To determine how reductions in SSI benefits are calculated, let’s start with the full SSI benefit before reductions – $ 710.00 per month.  This is the most an SSI recipient can receive in 2013.  SSI recipients cannot request a higher benefit amount based on financial hardship or severity of a disability.

Social Security reduces SSI benefits for unearned income by subtracting $ 1.00 for every $ 1.00 received from any other source – after the first $ 20.00.  Social Security will not reduce the benefit for just $ 20.00 received from an outside source in a given month, but after that first $ 20.00, the benefit is reduced dollar-for-dollar.  The thinking is that if a disabled and impoverished person has other support, such as from family, then the SSI program, and therefore taxpayers, do not have to provide it.

So, if an SSI recipient is given $ 100.00 for his or her birthday, Social Security would reduce the SSI benefit for that month by $ 80.00.  ($ 100.00 – $ 20.00 = a reduction of $ 80.00.)

The formula for calculating reductions of SSI benefits when the income is earned, i.e., as the result of work activity, is a tad more complicated, and is designed to incentivize working.  The hope is that the disabled person could find his or her way into the world of work, and into financial self-sufficiency.

For earned income, the first $ 85.00 of gross wages (not take-home pay) is exempt.  But, after that, Social Security subtracts .50 cents for every $ 1.00 of gross wages earned from the benefit.  The rule is : 50% reduction of SSI for earned income, after the first $ 85.00 of gross wages.

So, if an SSI recipient earns $ 100.00 (gross), Social Security would reduce the SSI benefit for that month by $ 7.50.  ($ 100.00 – $ 85.00 = $ 15.00, divided in half = $ 7.50.)

The formulation for earned income incentivizes work, gently pulling the support away from the disabled person as their earning power increases.

But, it is fraught with cumbersome requirements that disabled SSI recipients report their earnings to Social Security monthly – which creates headaches for SSI recipients, and for the Social Security workers who must recalculate benefits monthly based on the fluctuating monthly earnings of SSI recipients who are attempting to work.  Many believe that Social Security is automatically notified of workers’ earnings because Social Security payroll taxes are being withheld, but that is not true.

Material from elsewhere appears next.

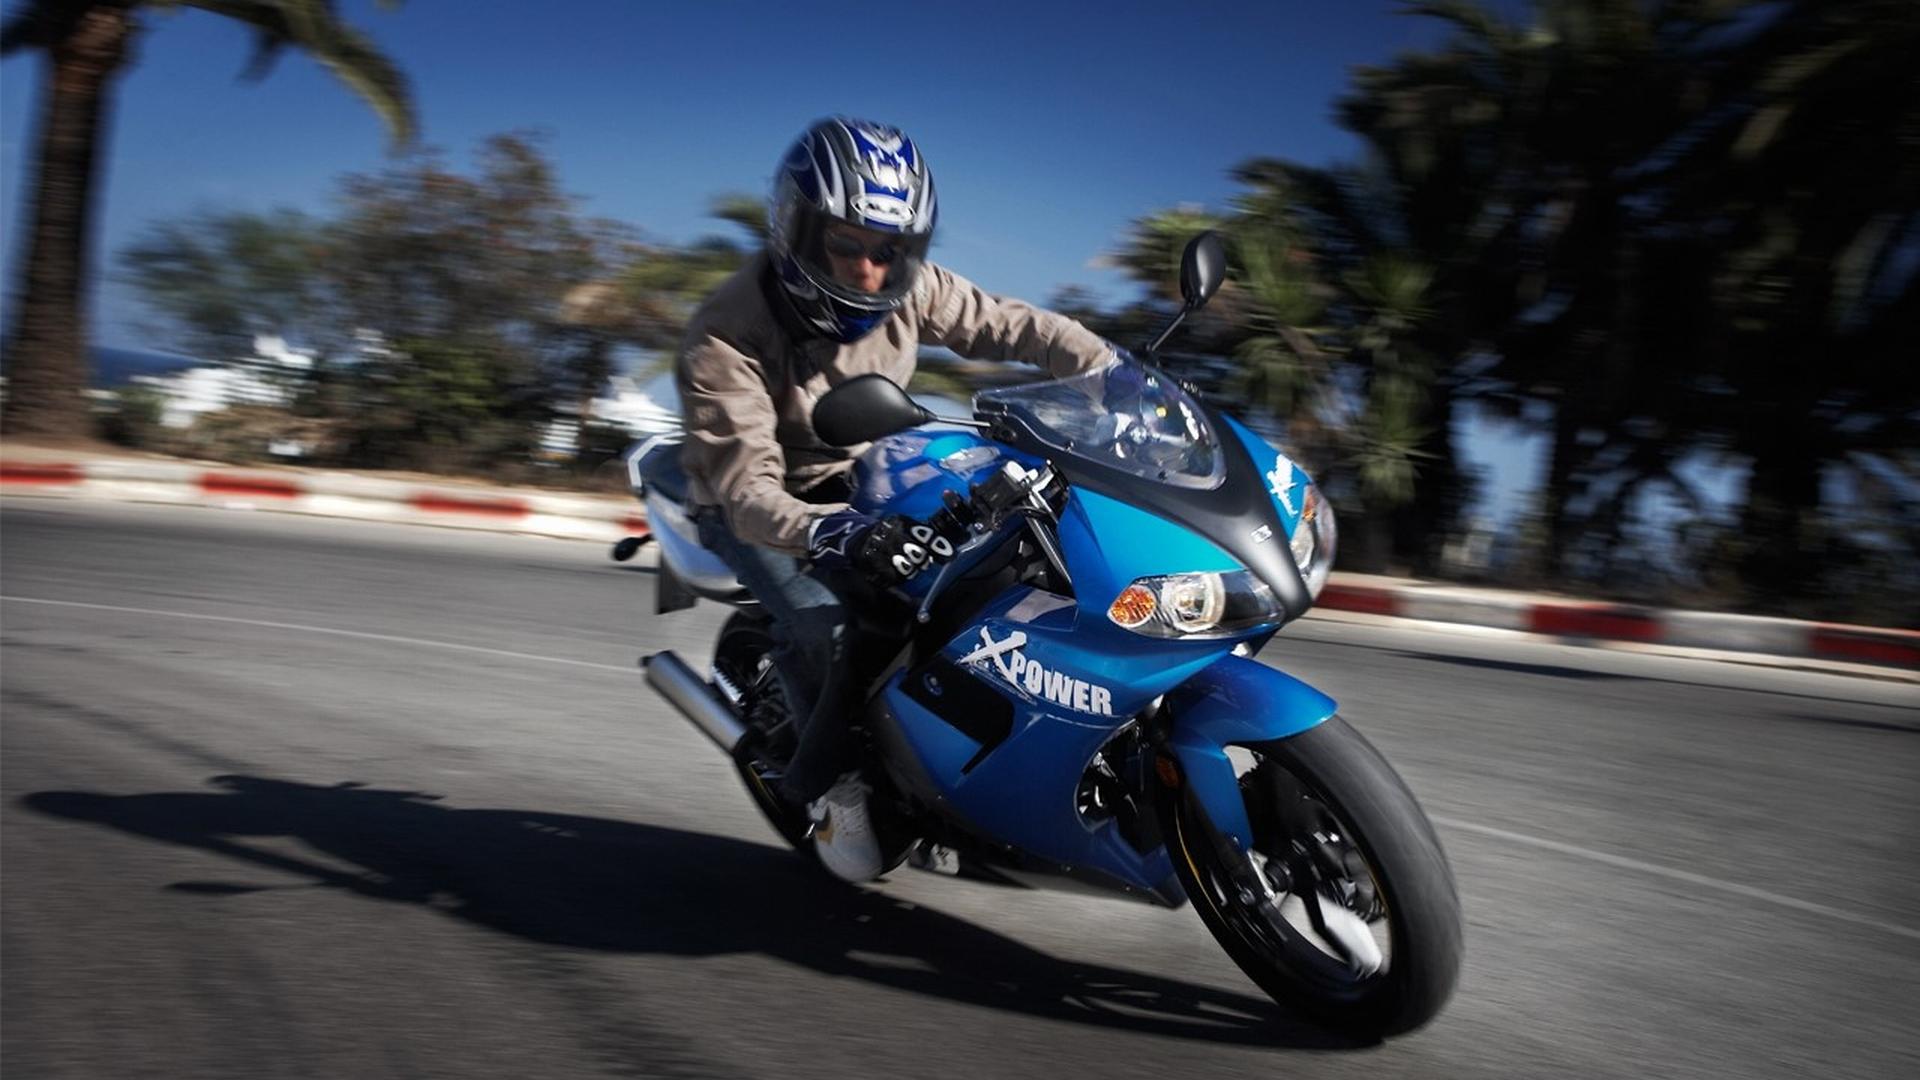 Vehicles Motorcycle Wallpapers Girls Backgrounds Hd Desktop Bike 1920x1080
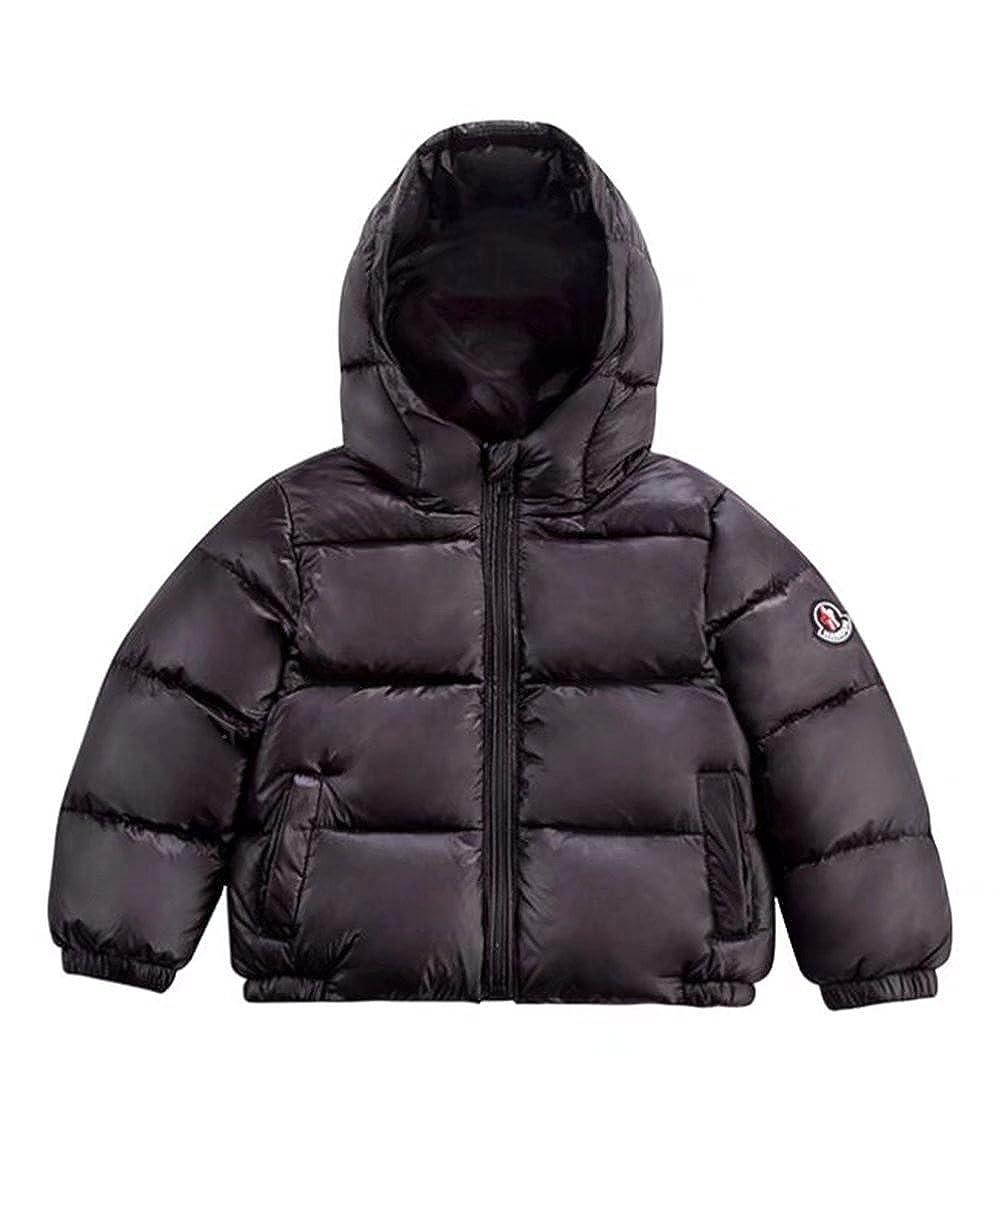 340c6d249 Top 10 wholesale Kids Down Jacket - Chinabrands.com

SSI recipients must also report to Social Security any changes in their living circumstances or marital status because those events could change the amount of the SSI benefit properly to be received.  For example, if an SSI recipient were to marry and the spouse was working, the SSI benefit would be reduced based on the spouse’s income.

Living on even the full SSI benefit amount of $ 710.00 per month is difficult, and many SSI recipients live on reduced amounts.  Furthermore, SSI benefits do not have Medicare health insurance coverage.  So, not only are recipients of SSI surviving on a very thin, fixed income, they do not have health insurance through Social Security.  It is not an easy life.

In my experience, recipients of SSI are grateful for the basic support it provides, but by no means would choose it if they were able to work.  Life on SSI is not an enviable life.  It is an impoverished, difficult life – not in the least enviable.  The idea that people are clamoring for this modest benefit, and willing to commit fraud for its acquisition is not borne out in reality.

2 thoughts on “An Orientation to Social Security Disability Programs – Part II

  1. npm

    I know this isn’t your focus, but poor elderly are also eligible for SSI, even if they are not disabled.

  2. David Camp

    With so much misinformation in the press these days, it is nice to see this accuracy about these vital programs.